── Data below ──
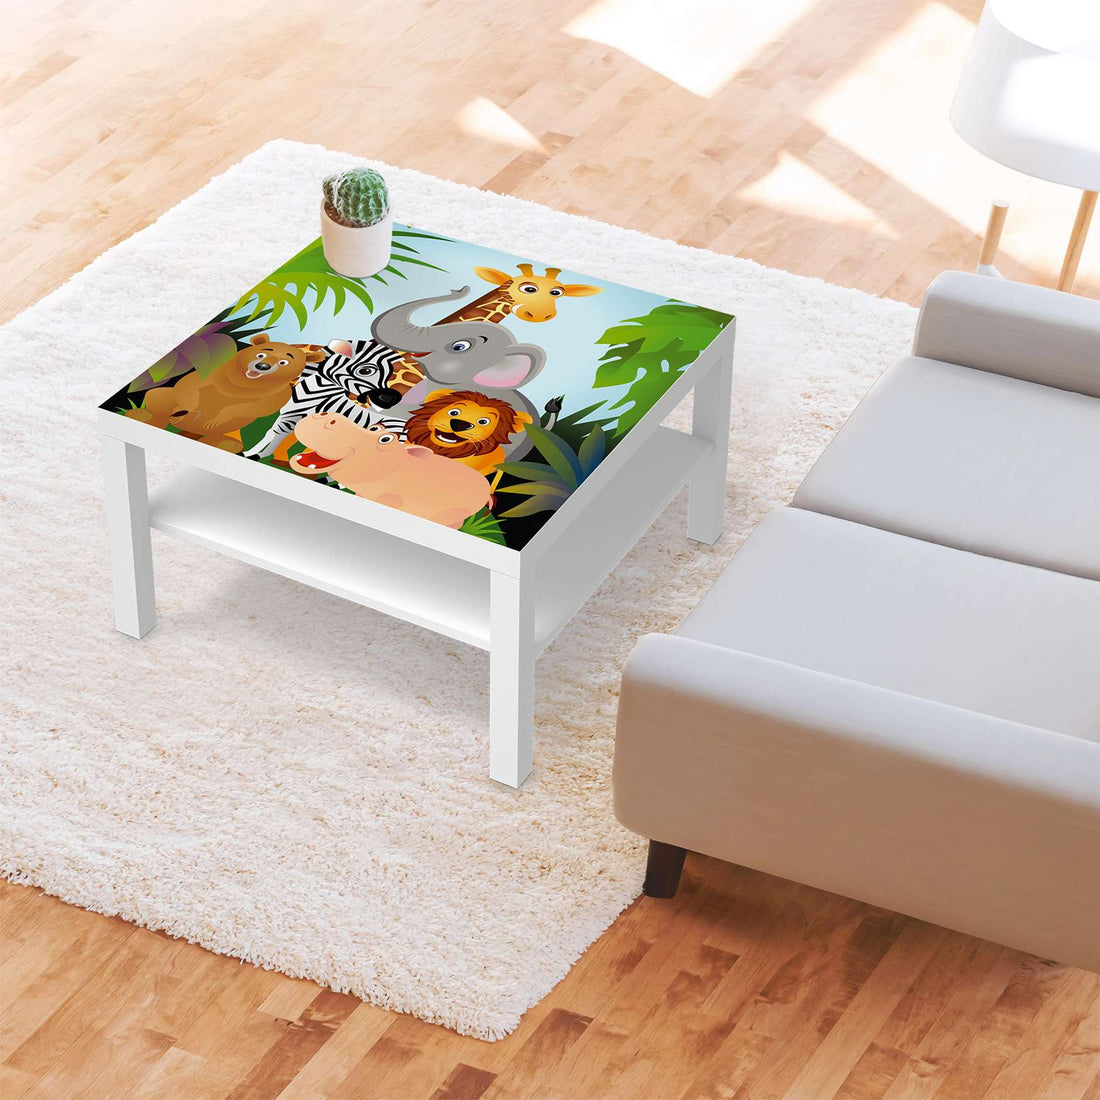 Selbstklebende Folie Wild Animals - IKEA Lack Tisch 78x78 cm - Kinderzimmer
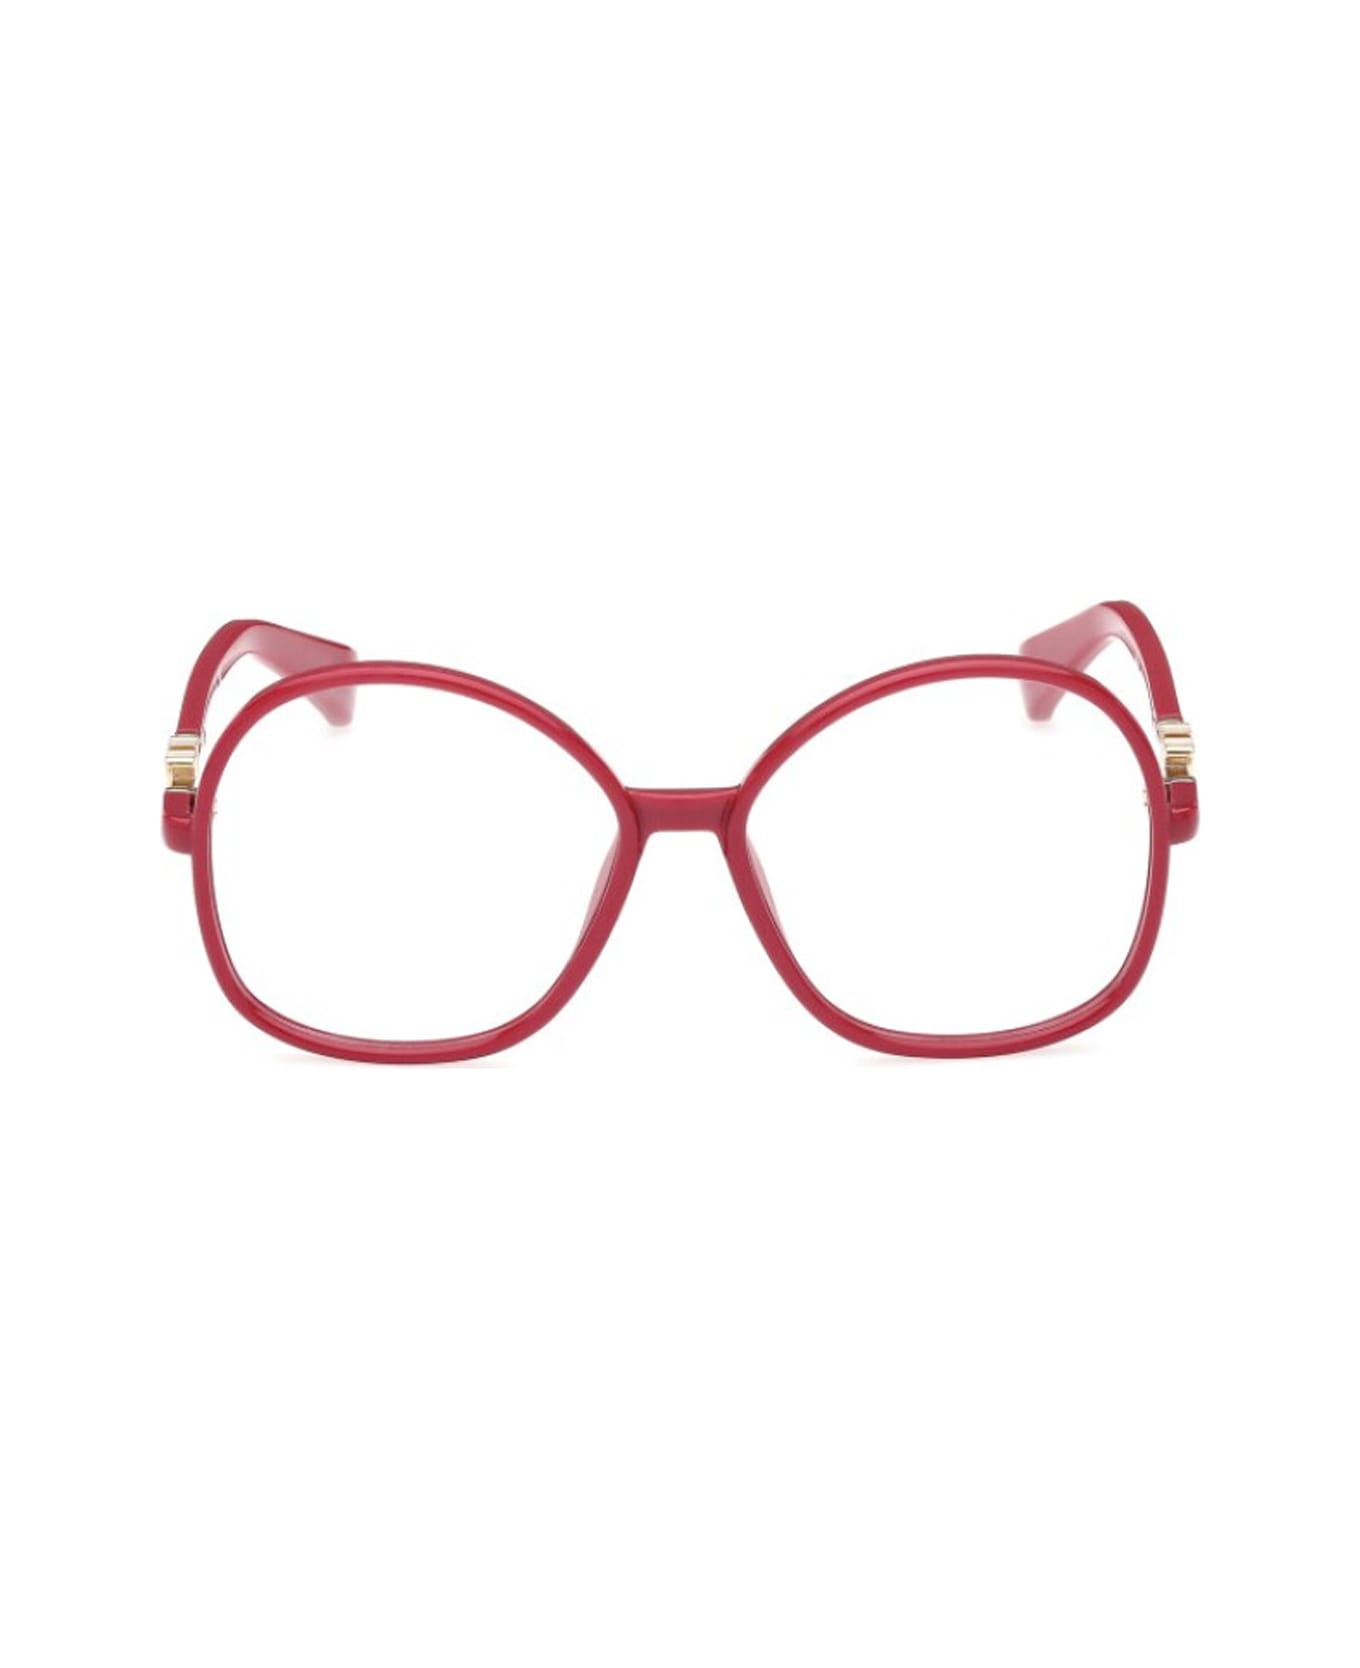 Max Mara Mm5100 075 Glasses - Rosso
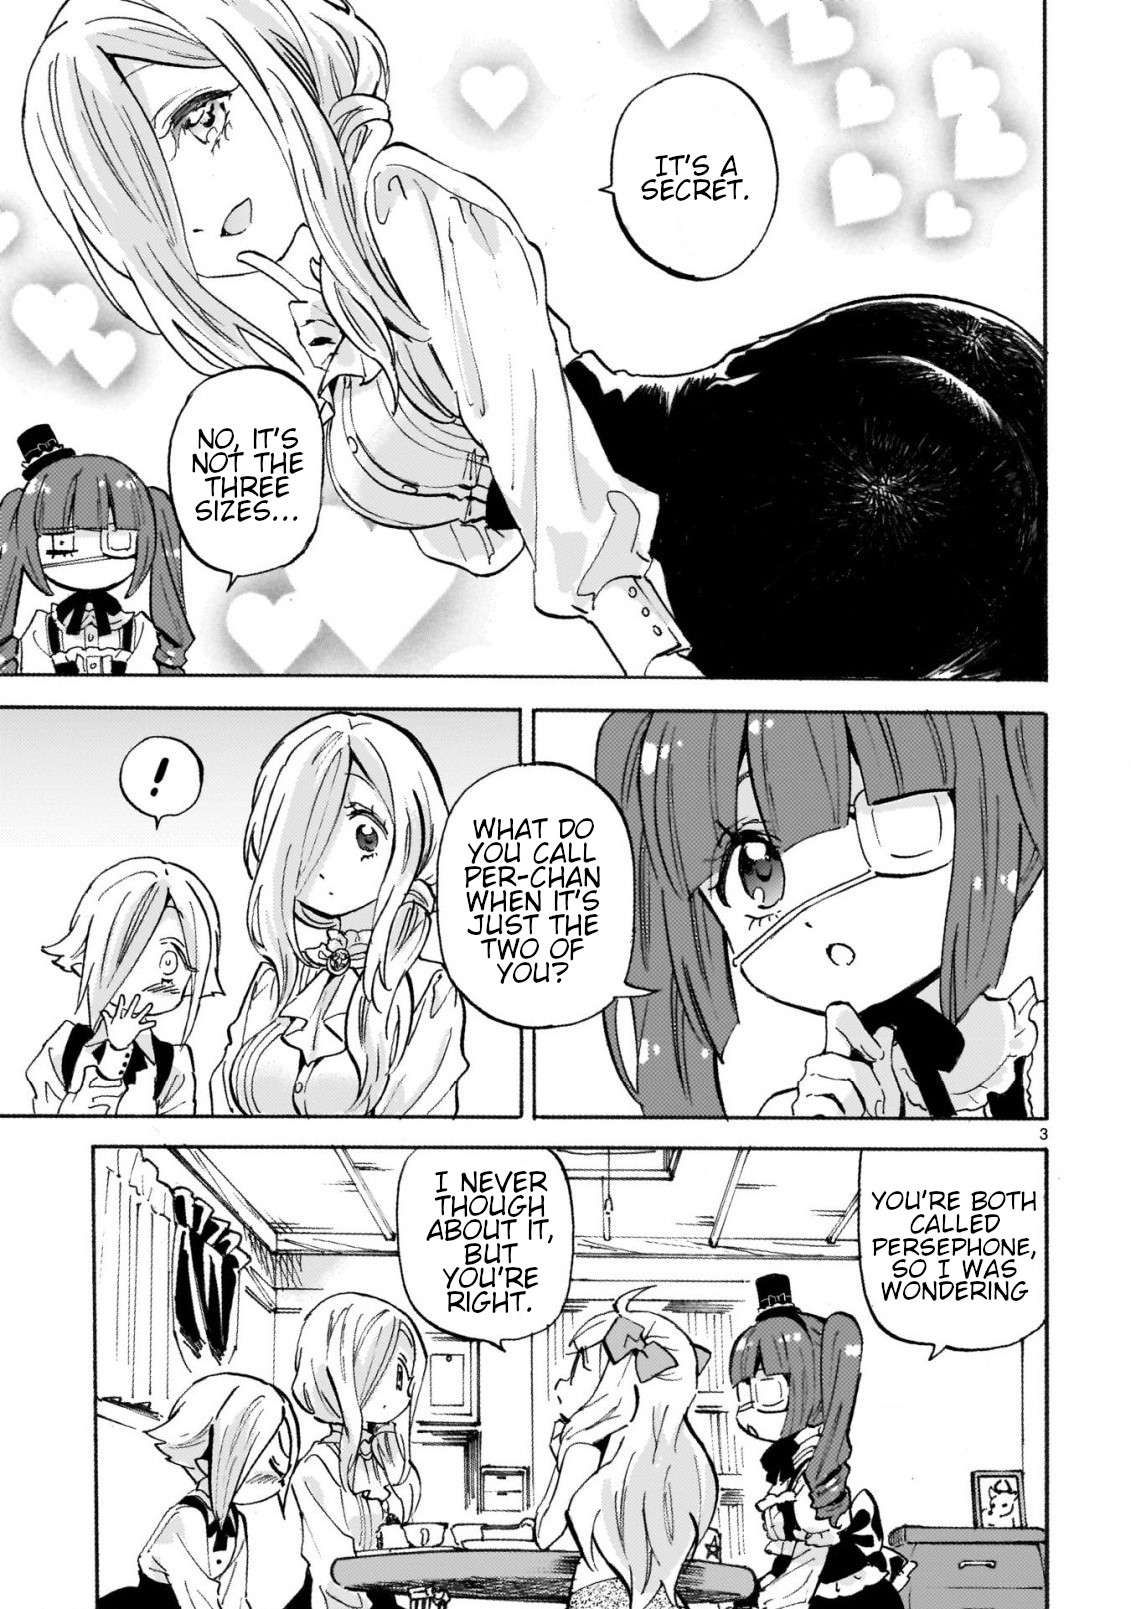 Jashin-chan Dropkick chapter 247 page 3
───
→ What is required:
Reproduce the data verbatim. Do not carry any picture into the copy.

→ Task response:
 Selbstklebende Folie Wild Animals - IKEA Lack Tisch 78x78 cm - Kinderzimmer
 Max Mara Mm5100 075 Glasses - Rosso
 Jashin-chan Dropkick chapter 247 page 3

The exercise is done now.